In other news, I decided to give up sugar in tea this weekend.
When I started drinking hot caffeinated drinks as a lad I, like many young persons, didn’t really like the taste at all but having gotten hooked on the drug that fuels our nation I smothered it away with sweetness. Initially I just drank tea with three sugars and stayed away away from coffee which was disgusting. Then, when staying with my dad in Houston, I was unable to get hold of any tea whatsoever, the Americans being somewhat retarded in that department, so I was forced to drink coffee to get my fix. Coffee with six to eight sugars of course.
Having discovered this crack cocaine of beverages I was hooked and drank absurdly sweet coffee on a regular basis throughout my early 20s, saving less-absurdly sweet tea for calmer moments. After a few years it occurred to me multiple mugs of this treacle might not be the best of things and I cut out the coffee save for really bad hangover days. Over the last few years my sugar-in-tea dose has gradually gone down from 3 to 2.5 to 2 to 1.5 to 1 spoonful. Of late I’ve occasionally been drinking tea without any sugar at all, usually because there wasn’t any in the places I’ve been working, and I’ve started to find that I actually like it, prefer it even. The taste is still a shock but I’ve come around to that bitterness as a virtue, plus it doesn’t leave my mouth all sticky, which is nice. And so, this evening I made a cup of tea and, despite there being a jar of sugar sitting there right next to the bags, didn’t put any in. And it was good.
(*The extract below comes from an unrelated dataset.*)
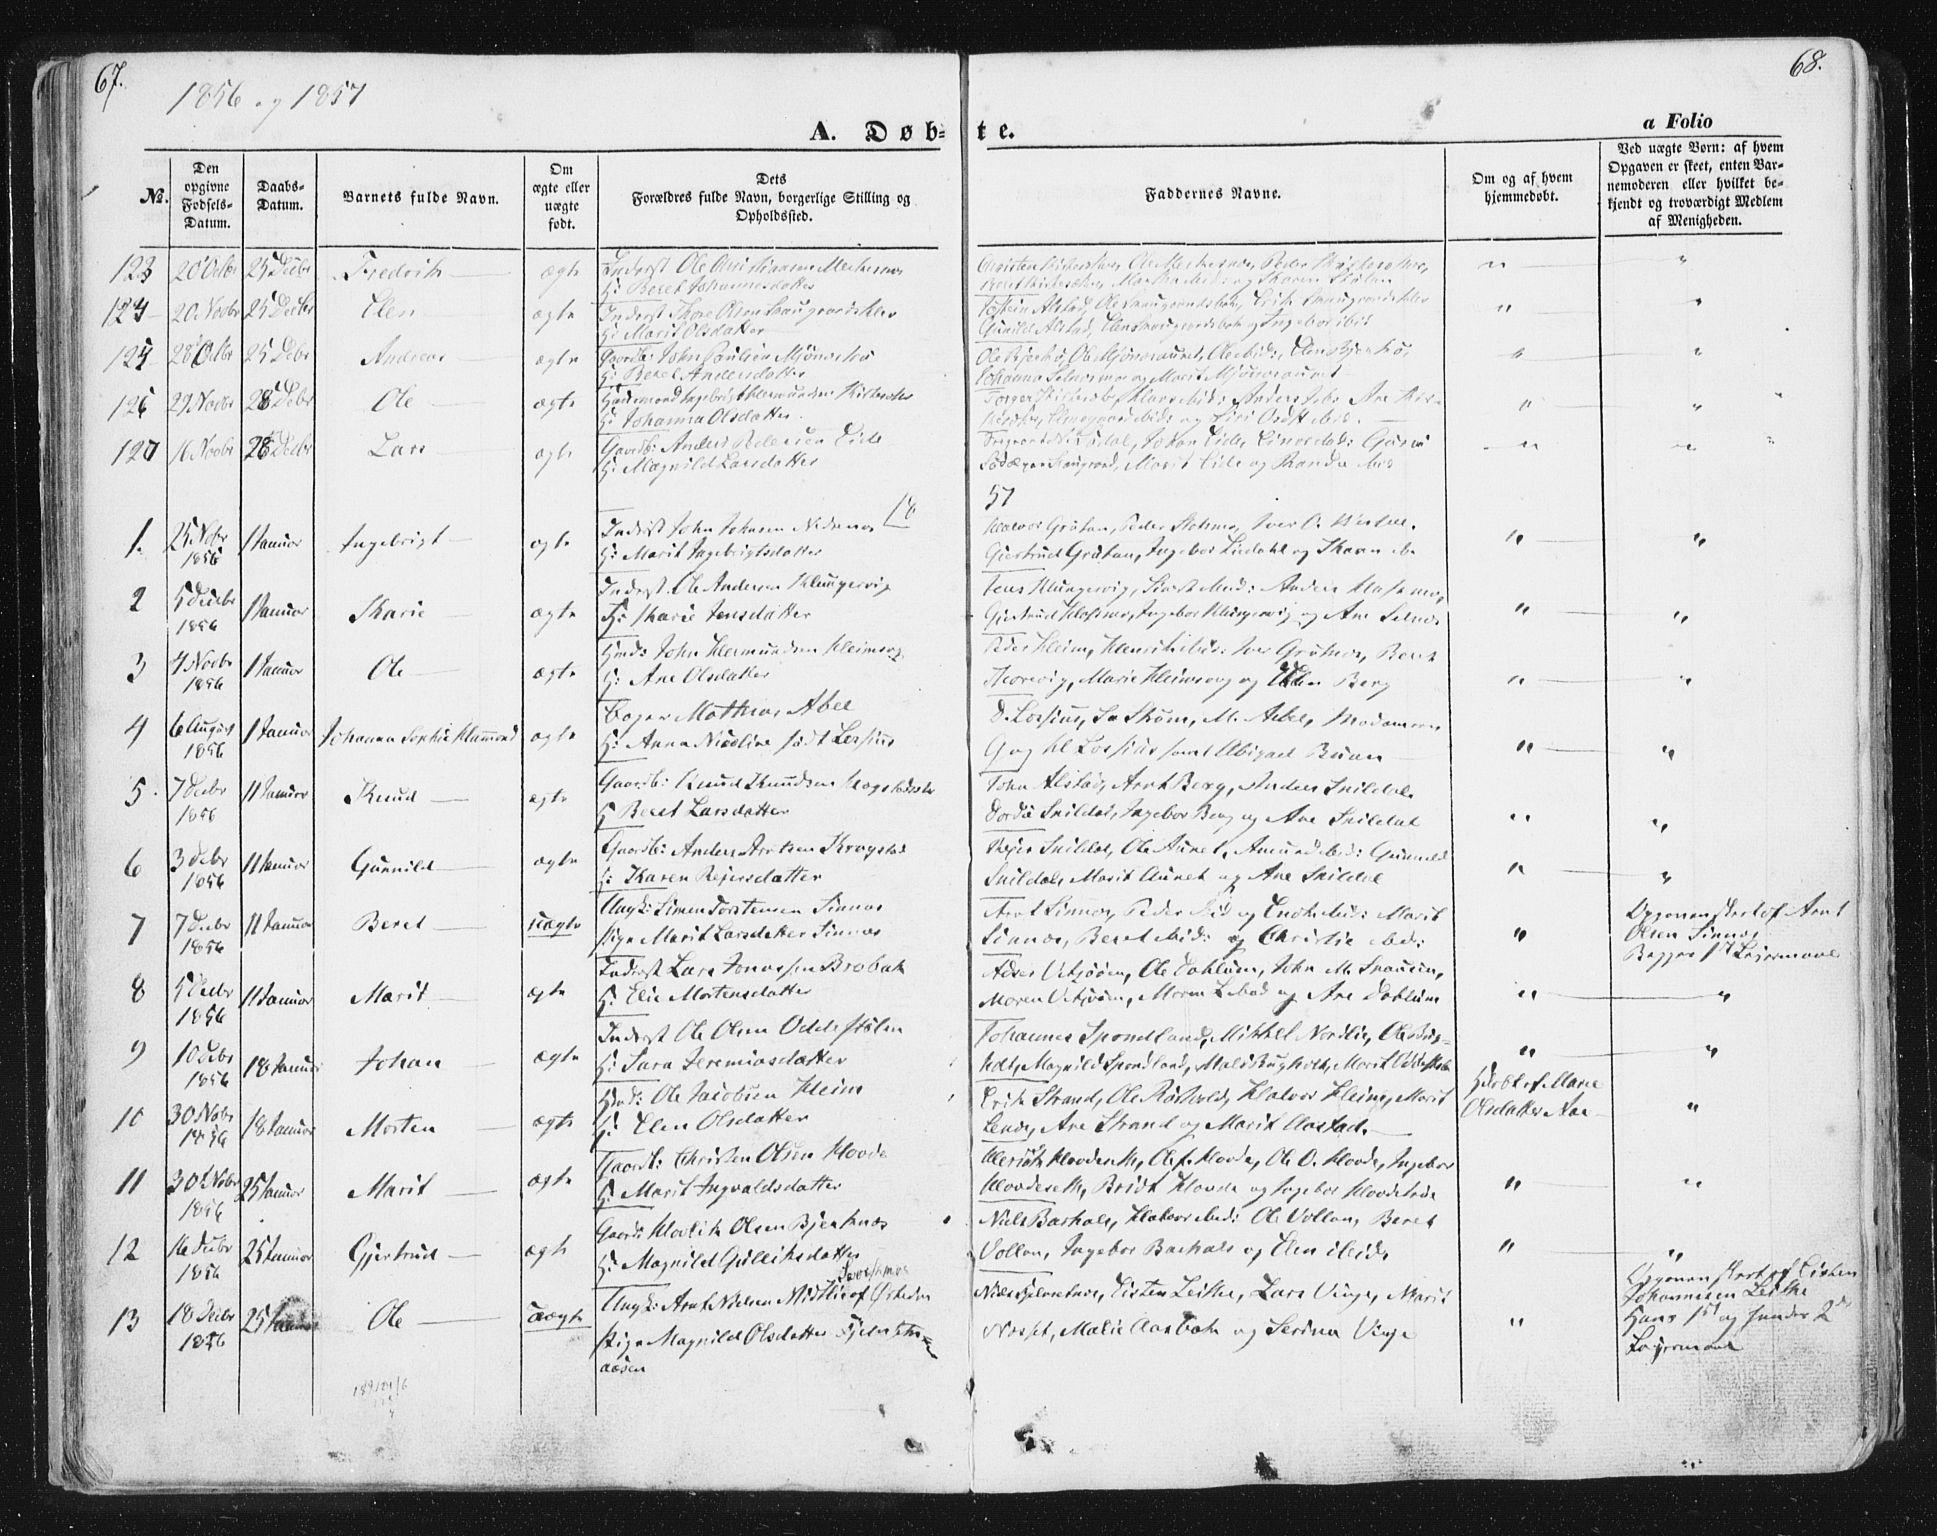 SAT, Ministerialprotokoller, klokkerbøker og fødselsregistre - Sør-Trøndelag, 630/L0494: Ministerialbok nr. 630A07, 1852-1868, s. 67-68

Coffee, however, is still disgusting.
i can’t believe that you couldn’t find any tea in america. that said, i am american, loathe coffee (i make it into the sludge you describe), and buy imported tea from the uk.
i put three tablespoons of sugar in it. i applaud you.
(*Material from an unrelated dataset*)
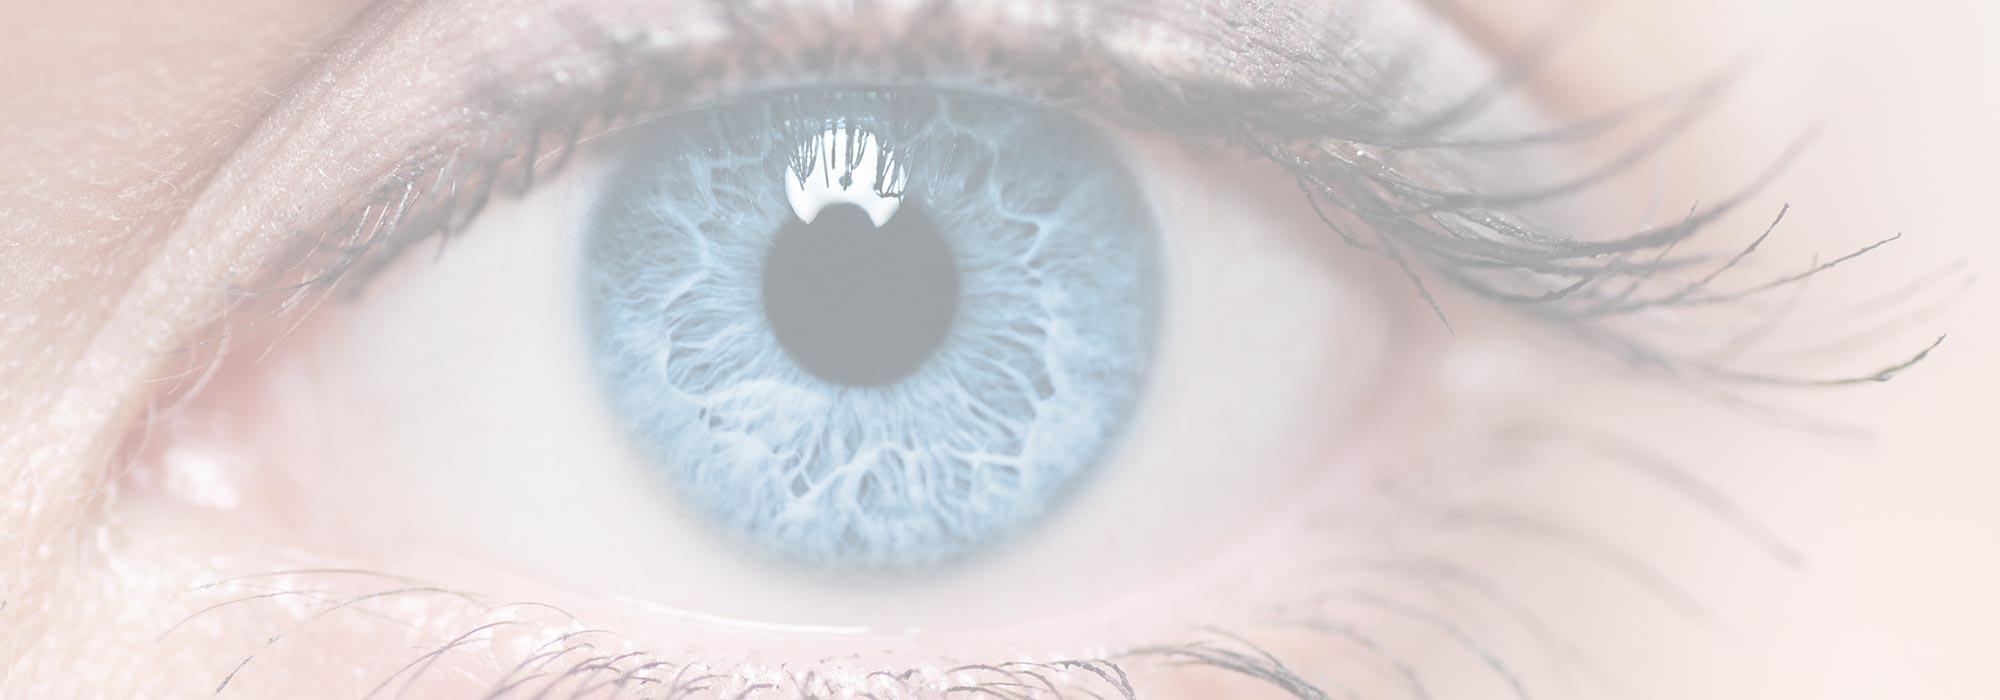 Leon Au Eyecare

Three tablespoons? You don’t really mean tablespoons do you? With that amount of sugar you wouldn’t be able to tell if it was tea, coffee or muddy water.
And no, I couldn’t find a decent cup of tea anywhere when I was in America either.
English tea is now available in Texas – it wasn’t in ?1988 as I recall. Personally, a cuppa in the afternoon will satisfy my daily tea intake; I have now stopped drinking tea in the mornings and have never put a grain of sugar in it. So sugar taste is probably not a genetic trait. Coffee in the USA varies enormously in taste and strength. Typical coffee served in roadhouses and small town stores is so weak you would need a gallon to get a caffeine fix. But then that’s what the locals do, spending an hour or two discussing politics and the price of cotton! In the rest of America, where they grow coffee, now that’s where you can taste the caffeine! Colombian coffee drunk at high elevation will get you bouncing off the walls (and there’s no coca in it!) while a small cup of Venezuelan “Cafe Maron” kick starts my mornings when in that lovely but politically distressed nation. And I do put a teaspoon of sugar in my coffee, it brings out the flavo(u)r!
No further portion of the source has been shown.